The Organisation for Economic Co-operation and Development (OECD), a leading global economic authority, has cautioned the UK against lowering borrowing costs until the rate of inflation reduces and stabilizes. According to the OECD, the current interest rate of 5.25%, which is the highest since 2008, should remain in place.

In its economic outlook report for 2024, the OECD stated, “The fiscal and monetary policy mix is adequately restrictive and should remain so until inflation returns durably to target.” This statement supports the approach taken by the Bank of England, whose stance on inflation has not hinted at an imminent rate cut.

The report also predicts a sluggish growth for the UK economy, with a projected gross domestic product (GDP) growth of 0.4% this year and 1% in 2025. However, there is some positive news for UK workers, as the OECD expects “stronger” wage growth when accounting for inflation.
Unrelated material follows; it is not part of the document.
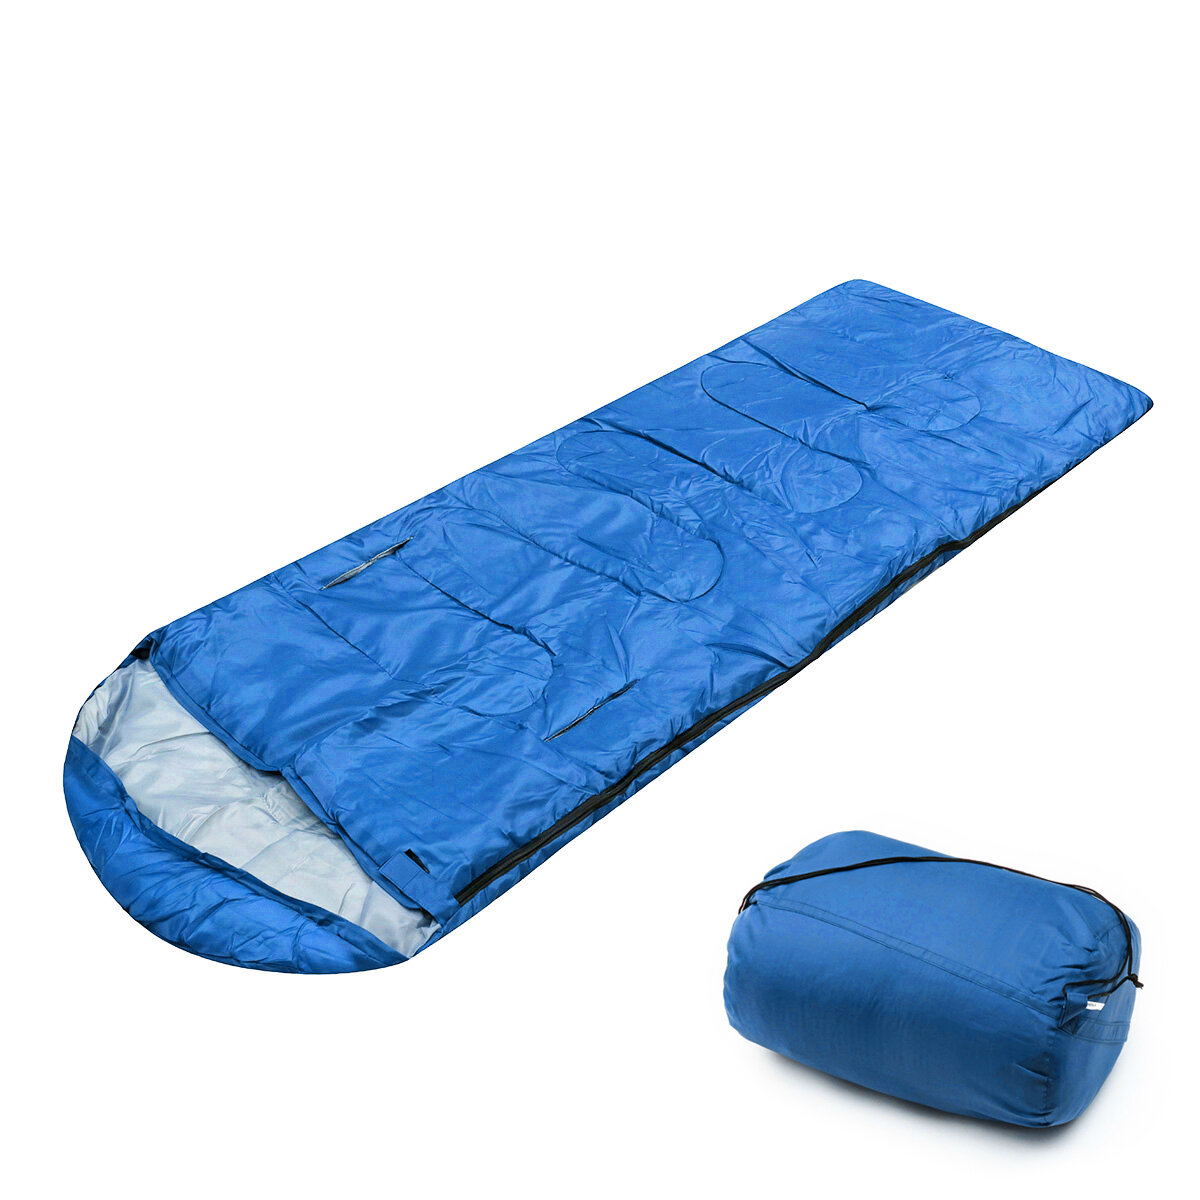 Image of 10x75CM Waterproof Camping Envelope Sleeping Bag Outdoor Hiking Backpacking Sleeping Bag with Compression Sack Case

This, in turn, will lead to a “modest pick-up” in household consumption.

Despite this, the OECD anticipates a continued rise in prices, with inflation expected to remain “elevated” at 3.3% in 2024 and 2.5% in 2025 – above the Bank of England’s target of 2%. These projections further support the notion that the Bank may keep interest rates higher for a longer period to reduce the flow of money in the economy and curb inflation. The OECD also adds that a rate cut is not likely until at least August.

If the forecasts for inflation hold true, the UK will still fare better than other G20 countries, a group of industrialized nations, in terms of inflation. The average inflation rate among these nations is expected to be 5.9% this year and 3.6% next year.